That’s right folks.  Ready for a little Oscar speculation?

                                                                                      Best Actor

These Things We Know To Be True:

Casey Affleck, Manchester By the Sea

Denzel Washington, Fences

Consistently Nominated:

Andrew Garfield, Hacksaw Ridge

Ryan Gosling, La La Land

Viggo Mortensen, Captain Fantastic

If Not Them, Then Who?

Joel Edgerton, Loving

Jake Gyllenhaal, Nocturnal Animals

Ton Hanks, Sully

Long Shot:

Adam Driver, Patterson

My Guesses:

Affleck, Garfield, Gosling, Mortensen,Washington

I actually think this slate is pretty set with the top five guys I listed: Affleck, Washington, Gosling, Garfield and Mortensen. All the major awards bodies have put them on their short lists. Affleck, of course, is a lock as the favorite for his absolutely devastating performance as a man struggling to go on living. I was deeply moved by his portrayal, but’s interesting, isn’t it, that the early awards hopes of Birth of a Nation‘s Nate Parker were totally destroyed by criminal allegations from his past, but Affleck remains untouched by his own more recent scandals?   Washington follows next in line for his much lauded performance as a frustrated father in August Wilson’s Fences,  a role for which he won a Tony and which he brought to the screen as director. Some people still think Washington can shoot to the top and grab a record third win, but that’s a question for another day. I should note that Washington was left off the BAFTA slate. Oddly enough, BAFTA has never nominated him, which hasn’t stopped him from earning 6 Oscar nominations and 2 wins.  What do you have against Denzel, Brits?  Whatever it is, it won’t stop him now.

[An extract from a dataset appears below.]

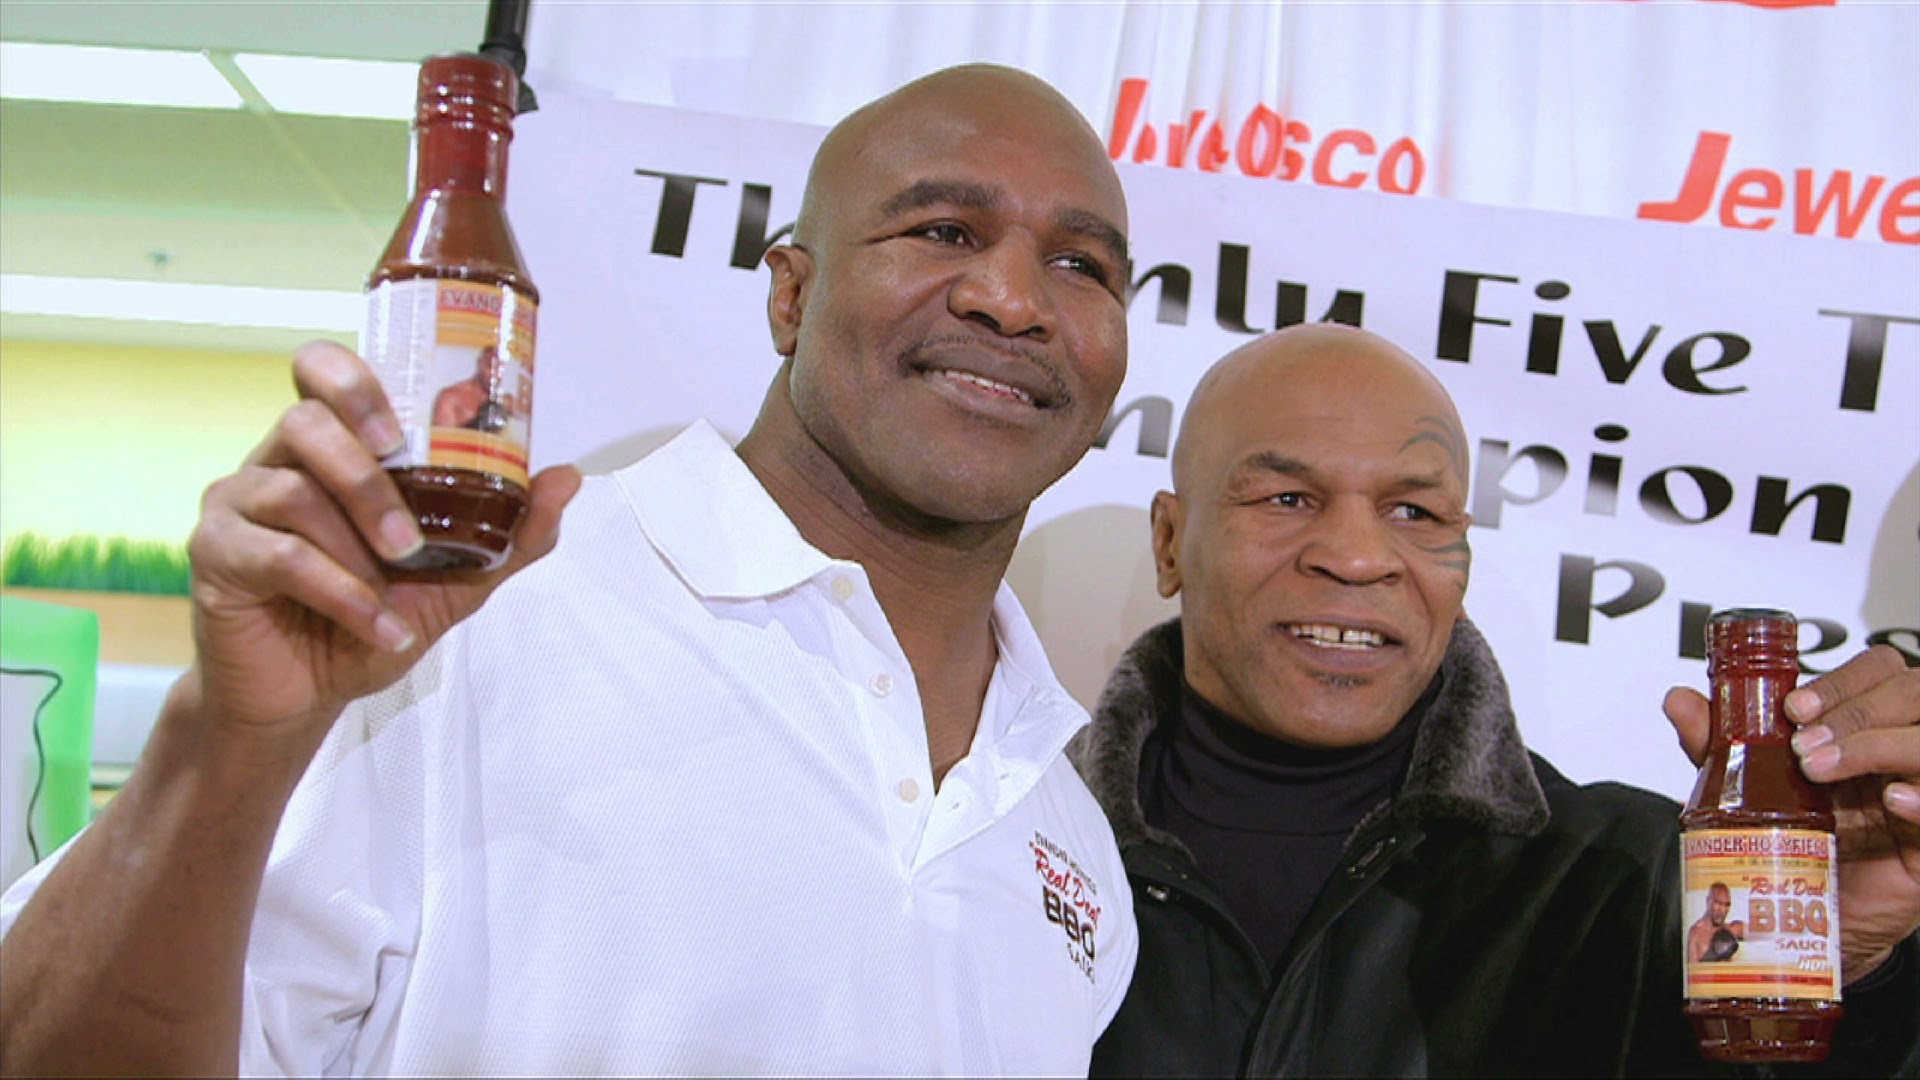 Evander Holyfield, WBC, To Have Welterweight Tourney In 2018 | Fightful Boxing1920 x 1080

Ryan Gosling has been nominated once before, for his gritty performance as Half Nelson‘s drug addicted teacher.  Though the Academy prefers its younger, handsomer actors in grungier roles, Gosling is still expected to make the list for his work as a charming, romantic jazz pianist as part of La La Land‘s anticipated strong showing.  Garfield has received kudos across the board for his turn as a quirky Southern medic who despite his conscientious objector status becomes a hero in World War 2.  He came very close to making the list for playing Mark Zuckerberg’s betrayed colleague in 2011’s The Social Network and fell just short; promisingly, Desmond Doss is not only a real person, but also a far more awards-baity role.  And then there’s the surprise, Viggo Mortensen, who seemed to come out of no-where as an unusual father raising his flock of kids alone and off the grid.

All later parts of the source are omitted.